Since last night's stream explained that FTB's update will take another day or two in testing to properly balance the new worldgen settings, I went ahead and made a 1.4.6 testbed install with only Redpower, TE and NEI.
I tested with a powered furnace, since that one will tell me in detail how much MJ it is consuming at any given time. I was able to confirm Zjarek_S' findings. 1000 W = 1000 J/s = 1 MJ/t = 20 MJ/s. By extension, 50 J = 1 MJ.
And, to finally answer Tylor's question: The windmill in DW20's video, running at just over 50% speed, was producing 2.5 kW and should therefore generate about 2.5 MJ/t when feeding a blulectric engine. If the scale is linear, this should mean that at 20% speed it produces 1 kW = 1 MJ/t and at 100% speed it produces 5 kW = 5 MJ/t.
I also confirmed that, at least when directly hooked up to a powered furnace, the blulectric engine will throttle itself to the required amount of power. Once the furnace's internal storage is full, the engine will not consume more than roughly 2 kW (= 2 MJ/t), no matter how many solar panels you add.
I also observed that voltage indeed plays a role in power output, although it seems that there's some handwaving going on in a few cases. For example, if you place an empty machine (such as a blulectric furnace) next to a solar panel, the solar panel will charge it from 0V to 100V at a pretty much constant speed, seemingly suggesting that voltage is irrelevant. However, if the same machine is actively doing something, then that doesn't apply - if the voltage drops, then power generation will drop as well, meaning the machine drains its reserves faster and faster the lower its reserves drop (remember, in Redpower, voltage is equivalent to the charge status of the network).
How to confirm this in experiment: take a blulectric furnace and hook it up to six solar panels, let it charge to full. Then give the furnace some cobblestone to smelt. Since the six solar panels generate 1.2 kW, and the furnace only requires 1 kW at peak efficiency, it will stay fully charged even while working. Now, break one solar panel. The five remaining ones still produce 1 kW, just as much as the furnace consumes. But due to miniscule distance-based losses and the brief dips directly after the breaking where the system restabilizes itself, voltage is ever so slightly below 100V and begins to decline very, very slowly. Millivolt by millivolt first, but the lower the voltage goes, the less power the panels produce, and therefore the voltage drops faster and faster until it collapses down to about 600W. The furnace won't consume any power below 60V, so the voltage will not drop lower than that; but, in this state, the furnace will only run at 60% speed.
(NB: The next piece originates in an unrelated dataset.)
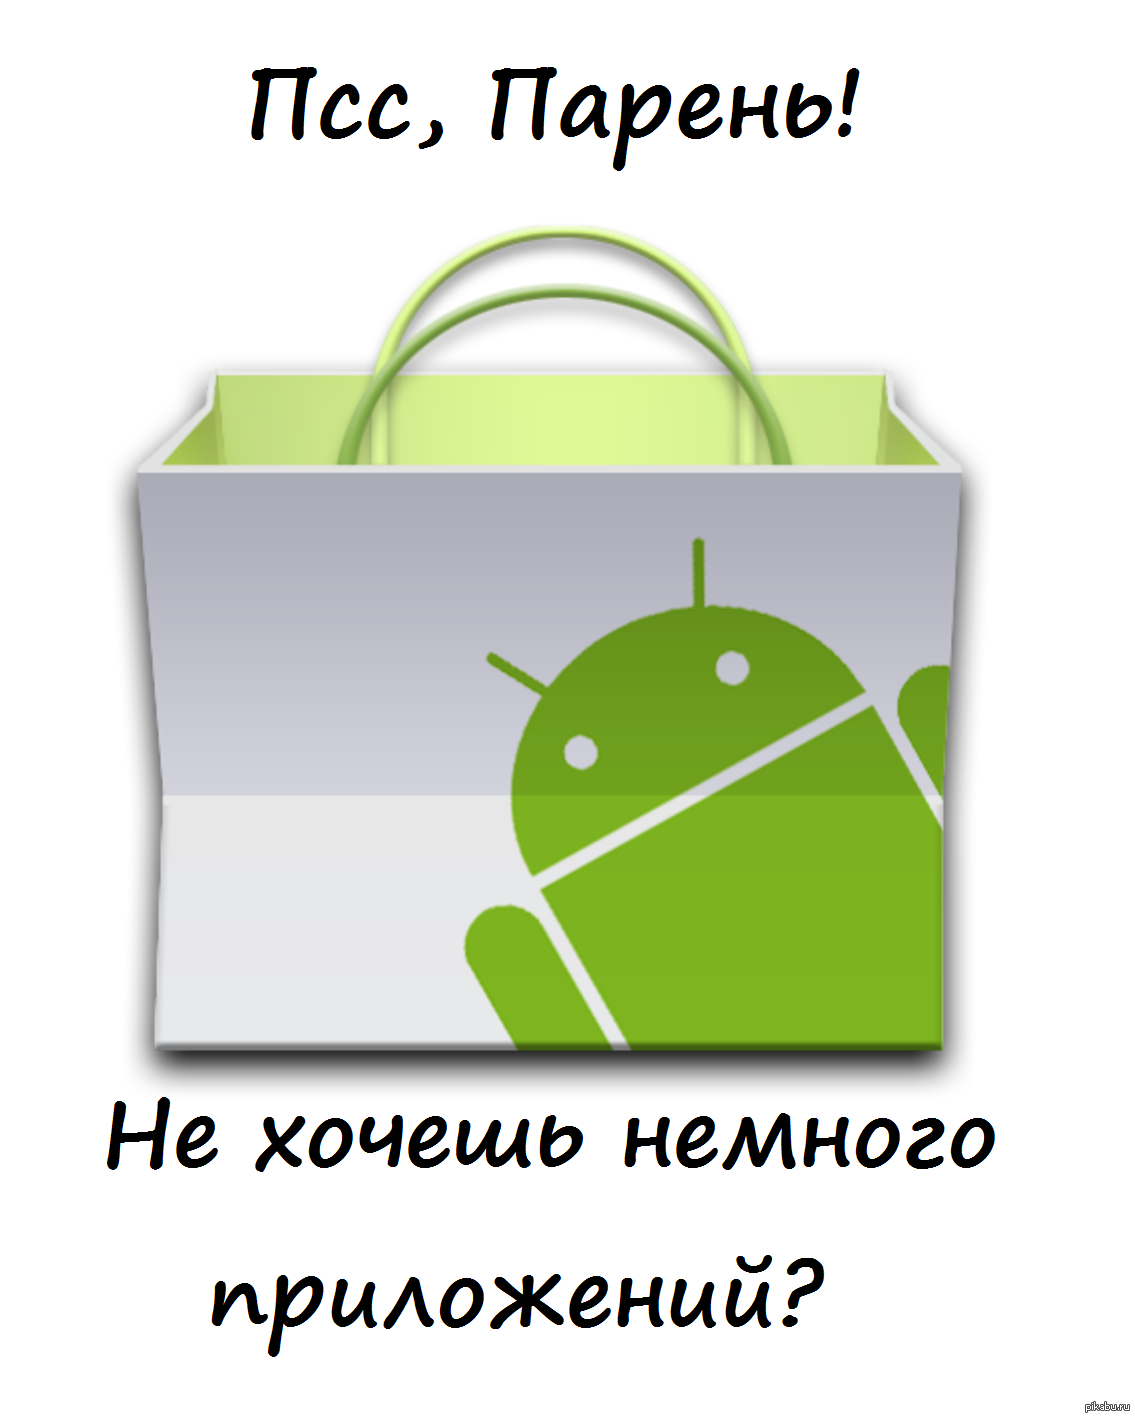 Андроид 4.0 маркет. Android Market. Плей Маркет значок. Логотип андроид. Плей Маркет значок на андроиде.

Now, add in the sixth panel again. Previously, at 100V, this was much more than enough to keep the furnace topped off with power at all times; now however, it barely manages to bump up efficiency by some 10%-12%, still a ways off from charging back up. In fact, you can add a seventh and an eigth solar panel, and the voltage will still remain stuck at 60V because total output is still only 0.96 kW at this point.